* [Exercise]: Below is a listing; print exactly its lines from the one containing "Много яиц. Много" down to the one containing "Zwei Männer stehen", both inclusive, with every picture left out.

* [Data shown]:

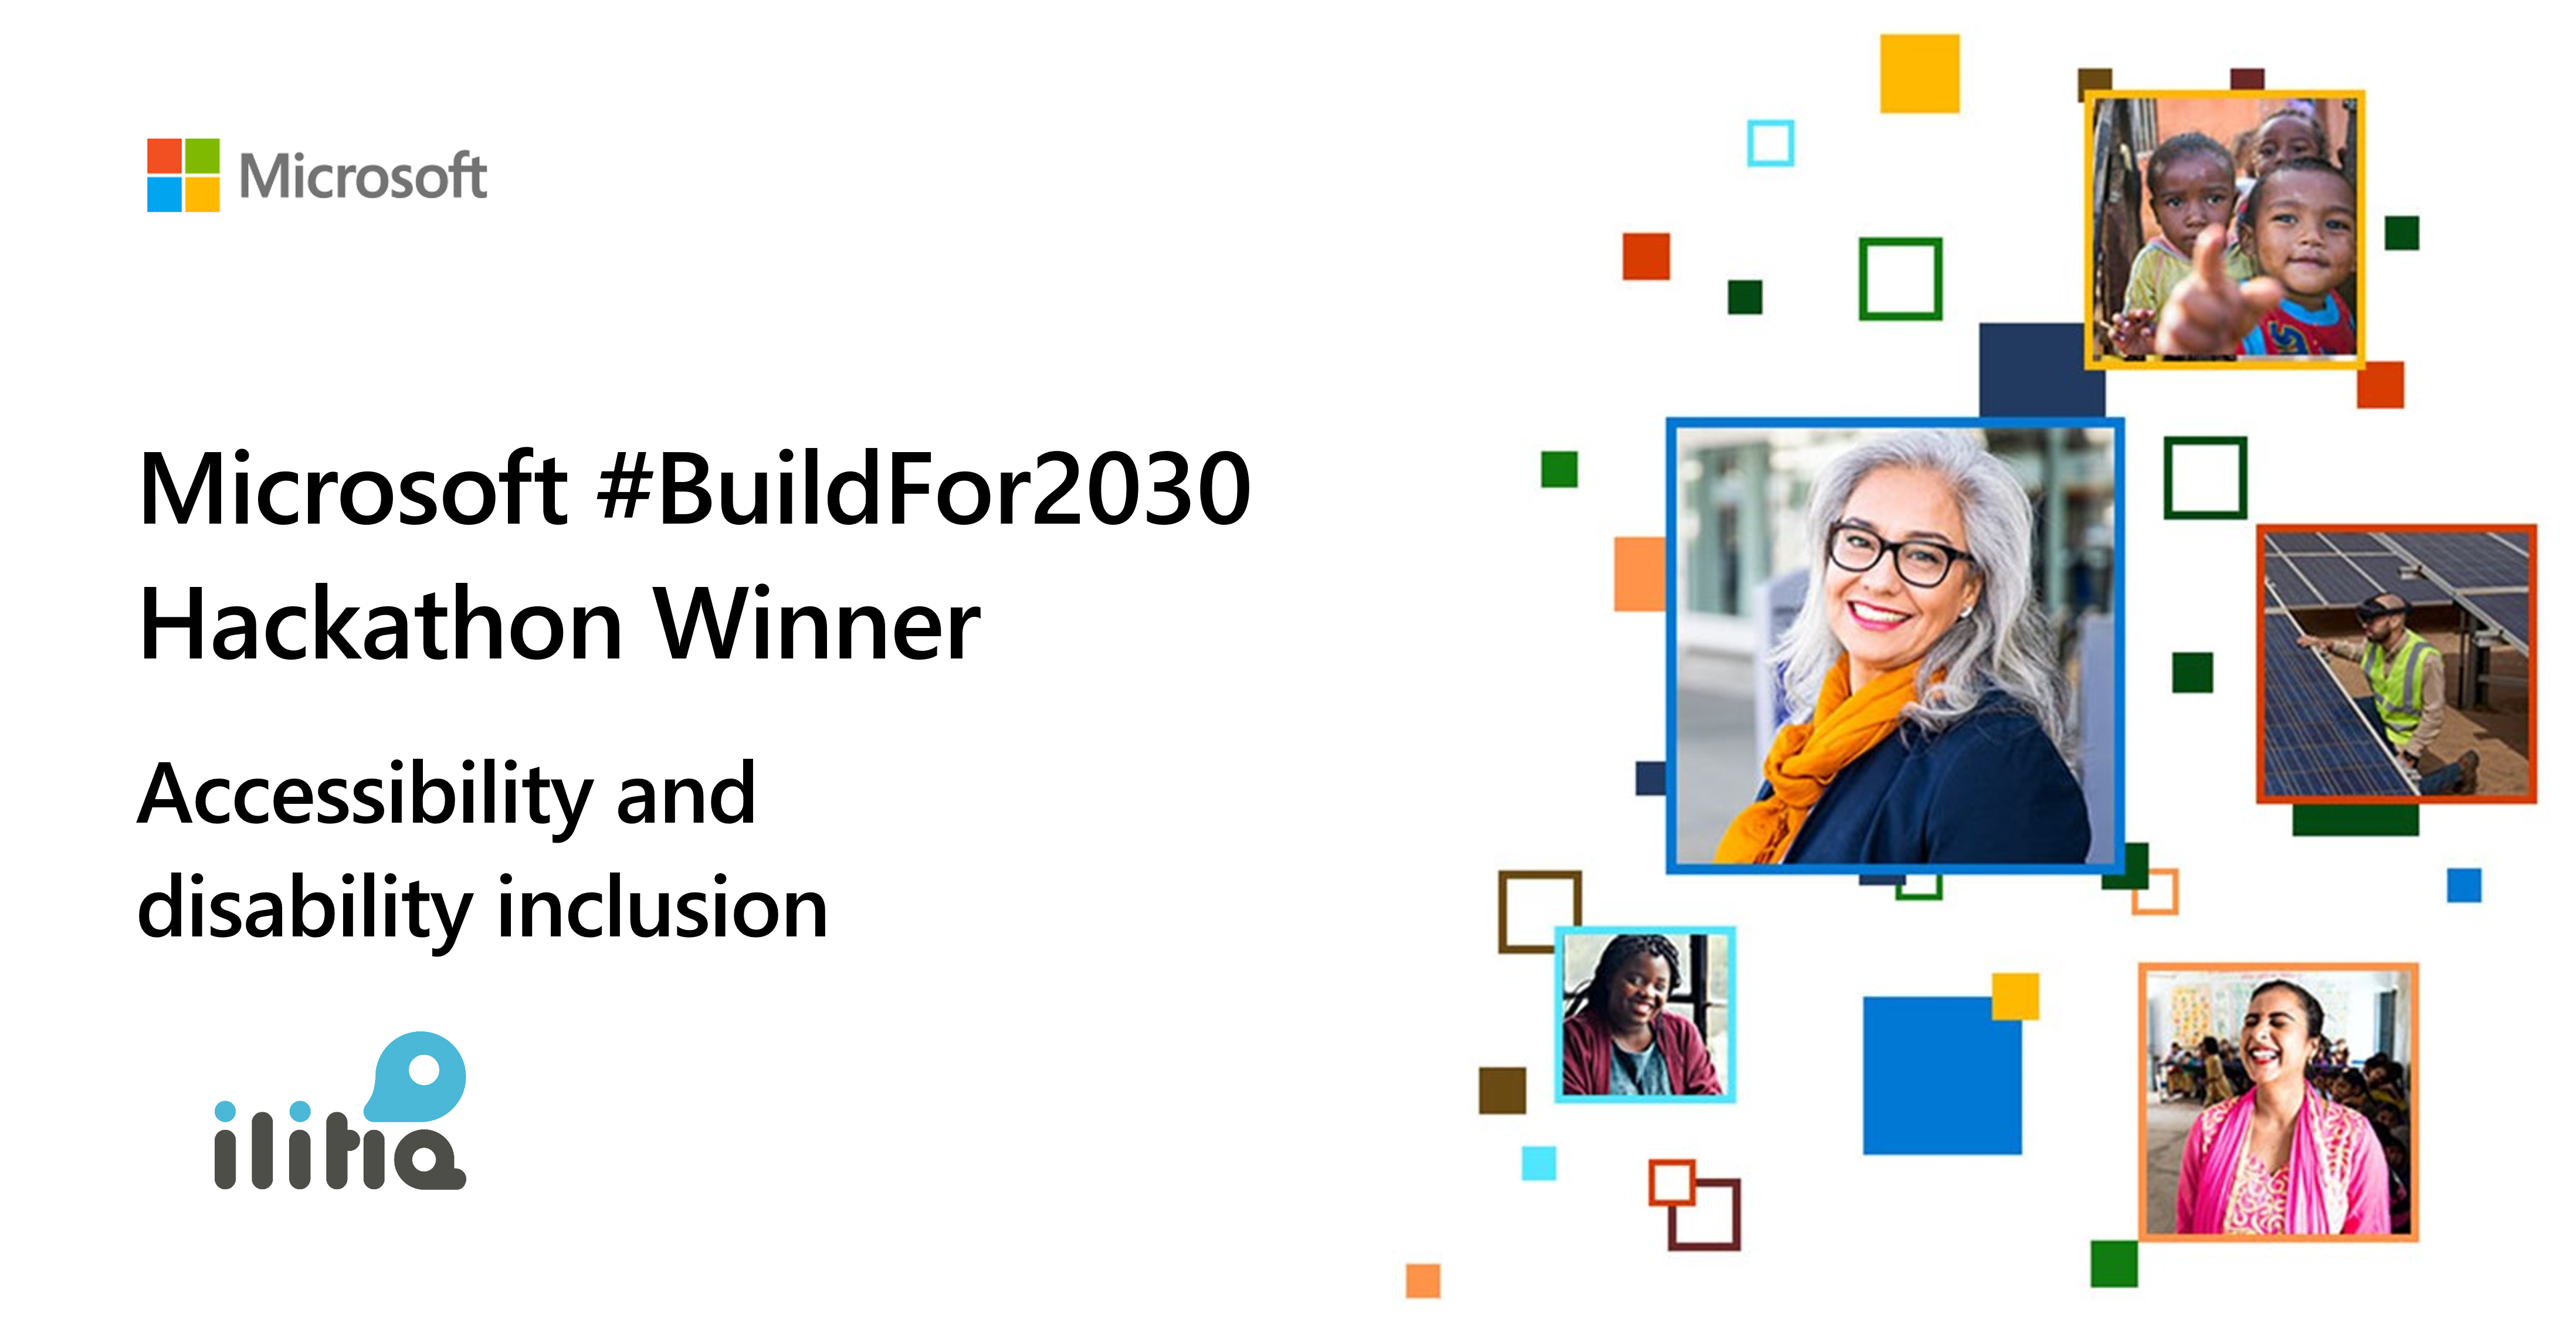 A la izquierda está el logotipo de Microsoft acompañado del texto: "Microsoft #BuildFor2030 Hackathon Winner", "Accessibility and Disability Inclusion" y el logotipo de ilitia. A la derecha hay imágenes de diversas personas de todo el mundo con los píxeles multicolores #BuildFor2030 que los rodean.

* * *

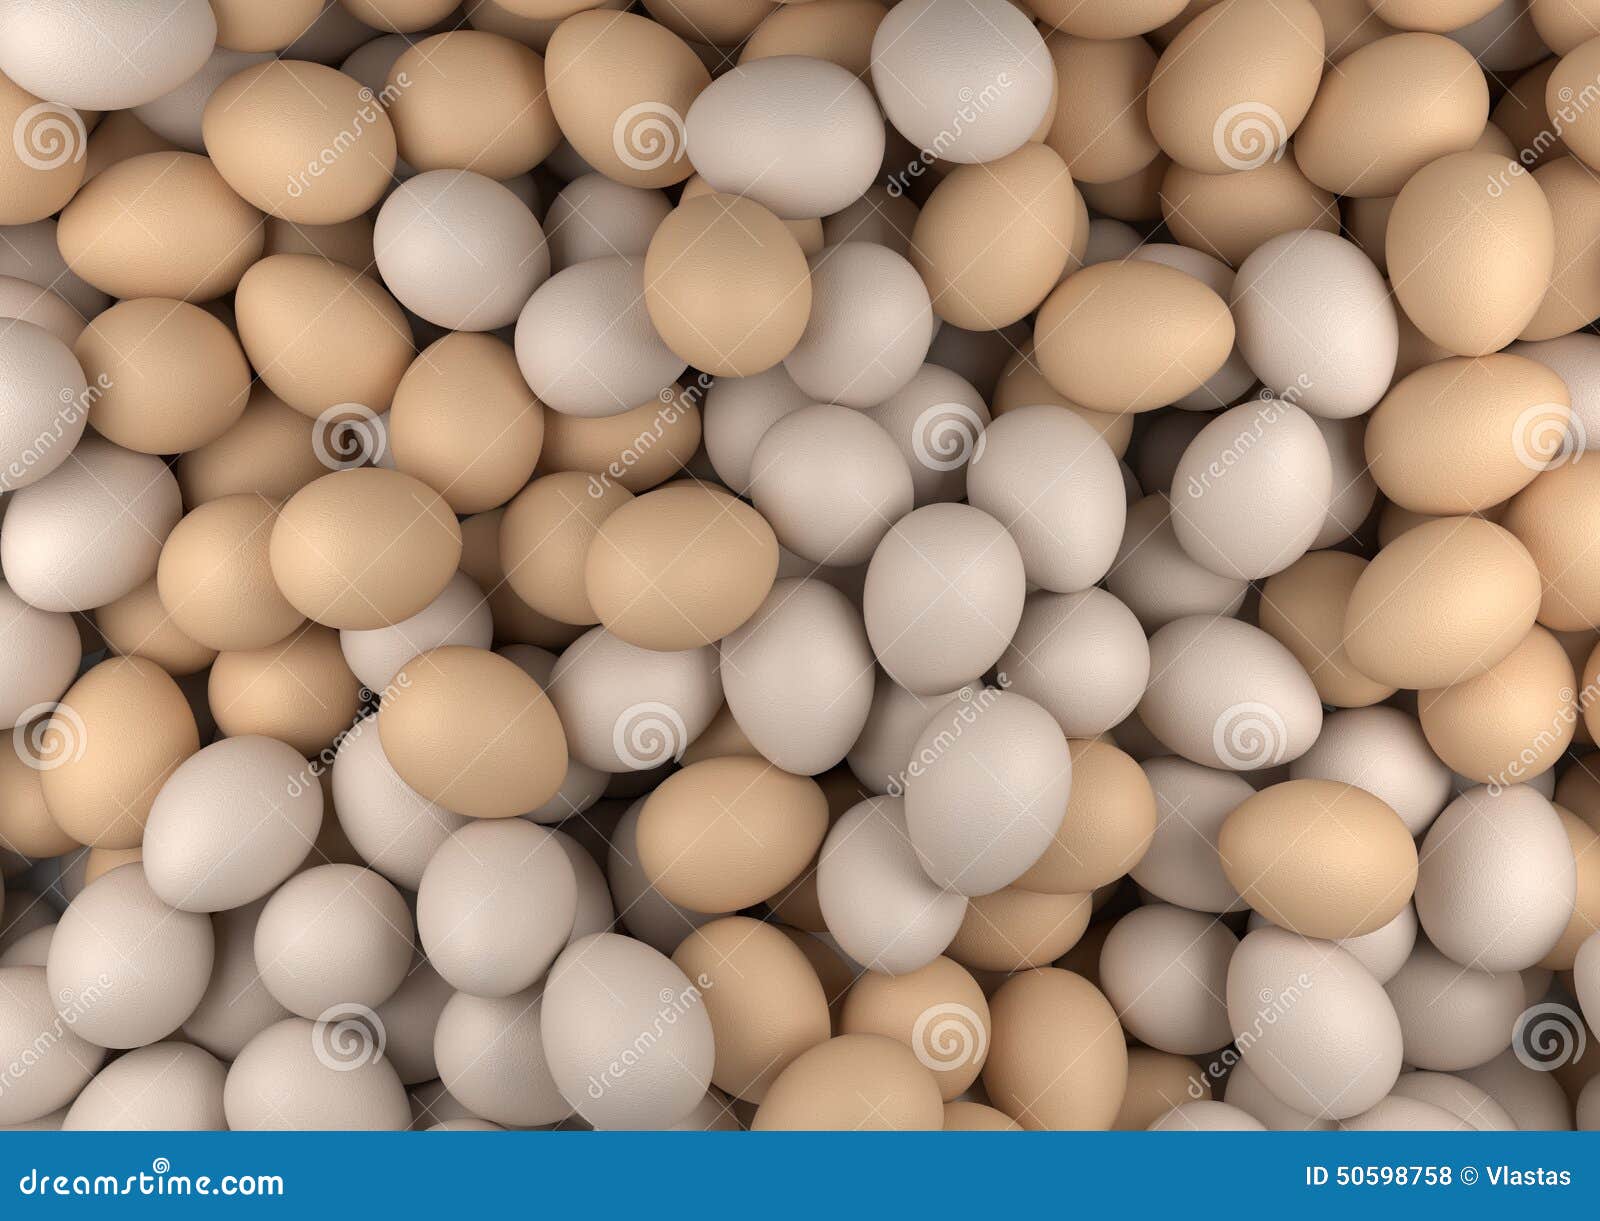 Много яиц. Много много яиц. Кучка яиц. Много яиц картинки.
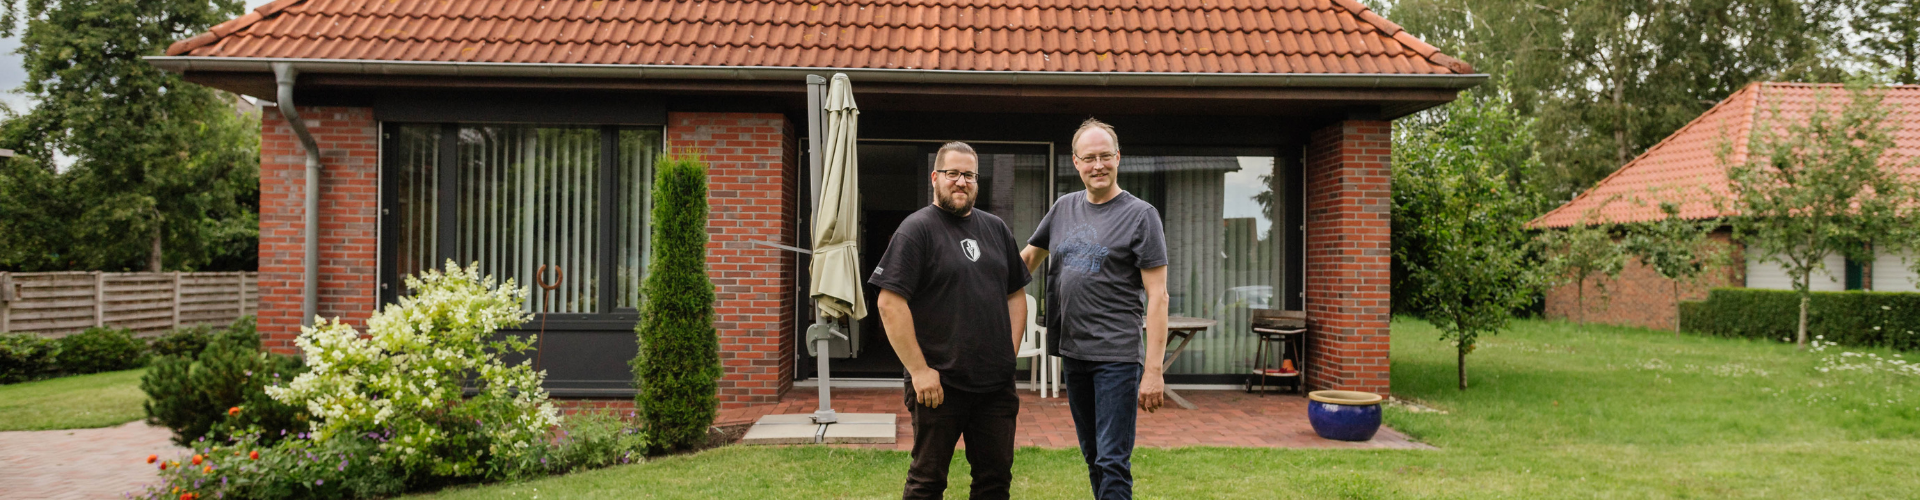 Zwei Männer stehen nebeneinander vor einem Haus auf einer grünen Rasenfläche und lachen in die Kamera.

...

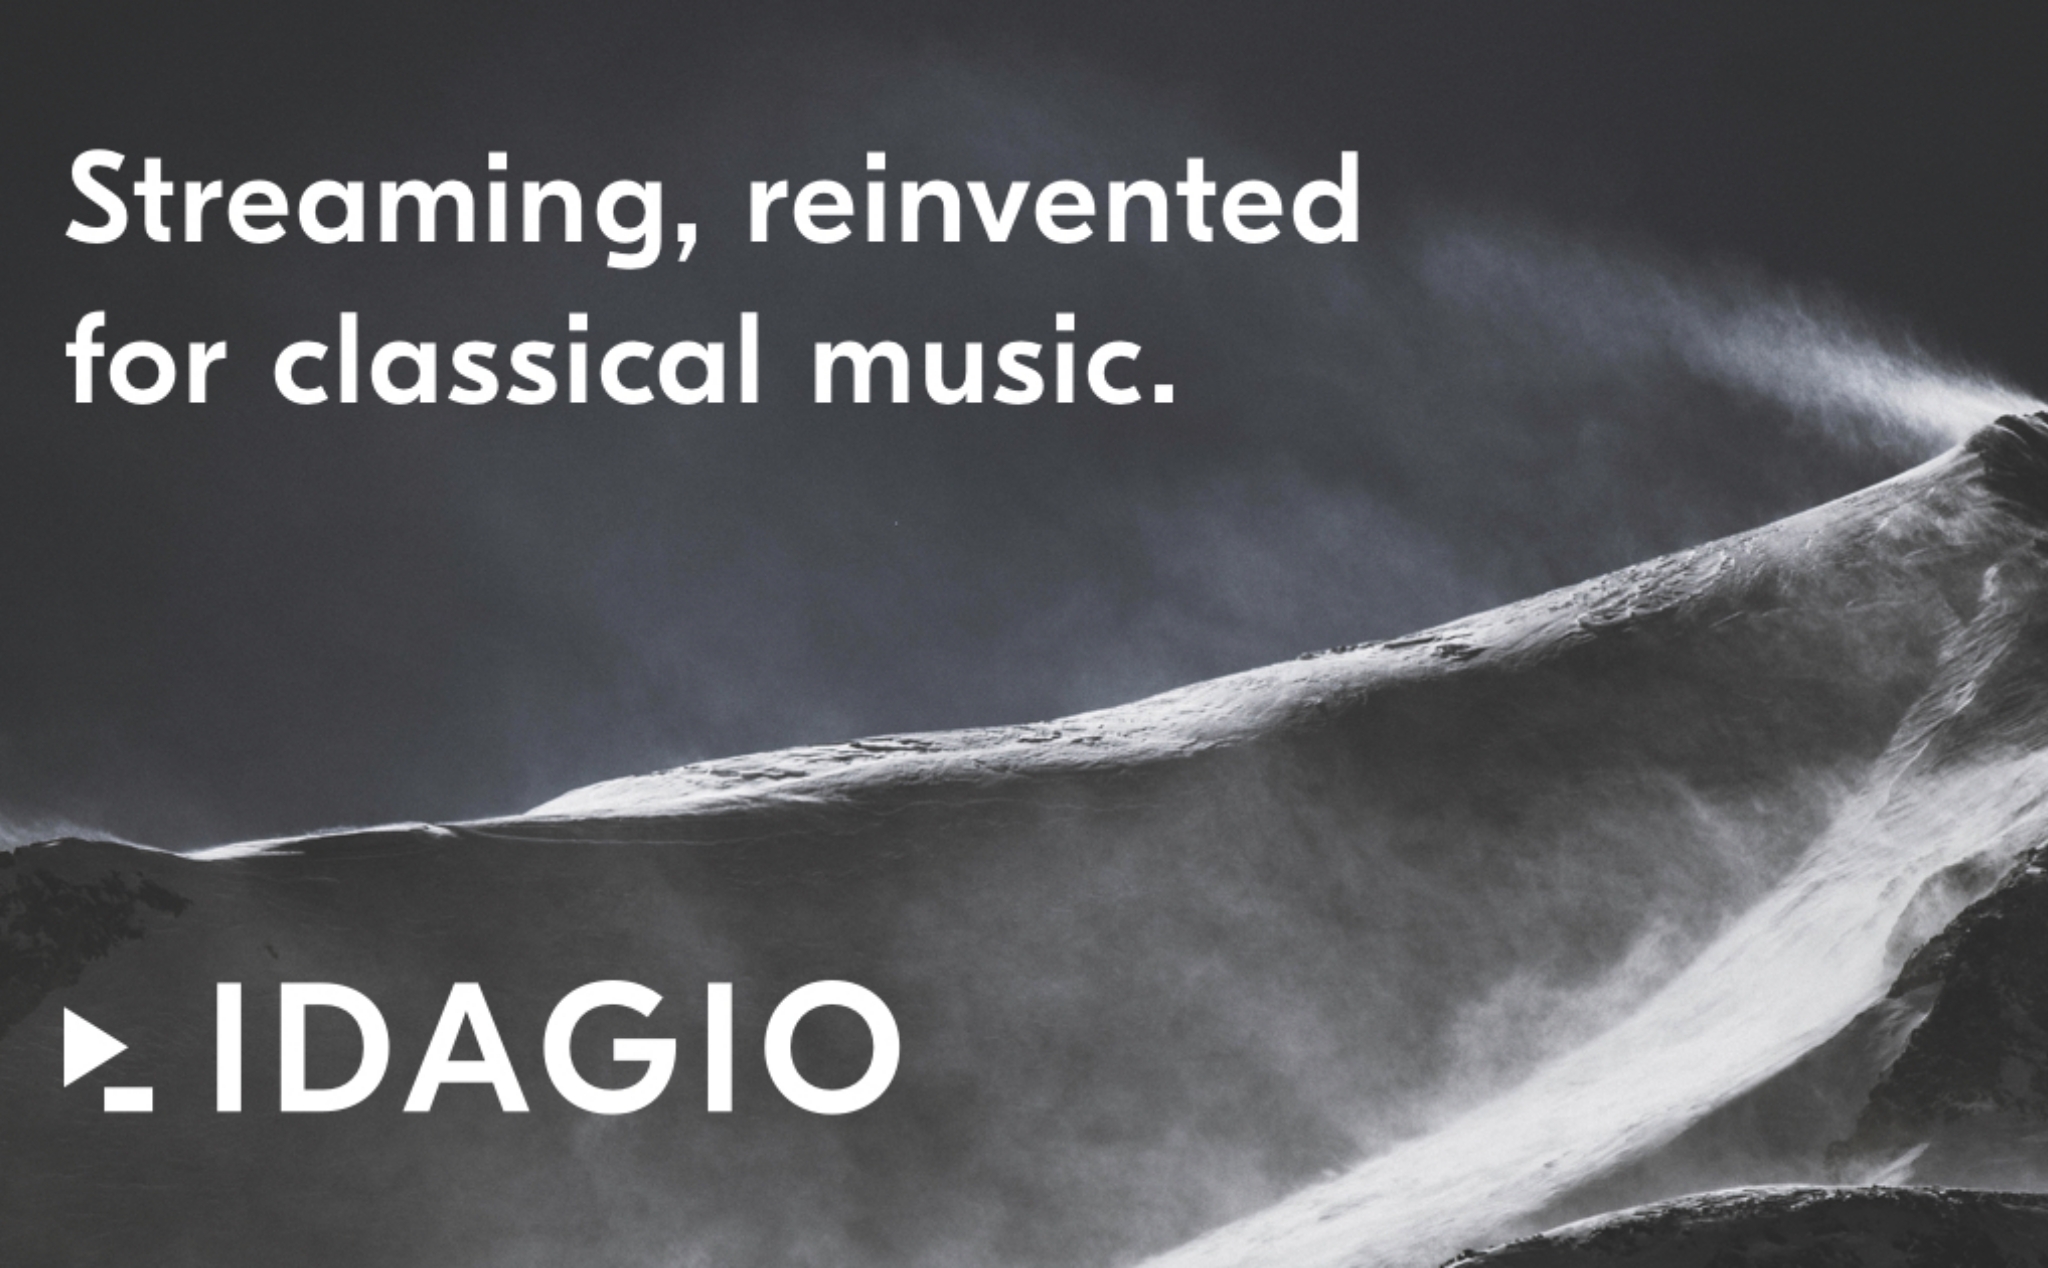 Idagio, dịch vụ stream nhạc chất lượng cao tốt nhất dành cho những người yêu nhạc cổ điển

* [Answer space]:
 Много яиц. Много много яиц. Кучка яиц. Много яиц картинки.
 Zwei Männer stehen nebeneinander vor einem Haus auf einer grünen Rasenfläche und lachen in die Kamera.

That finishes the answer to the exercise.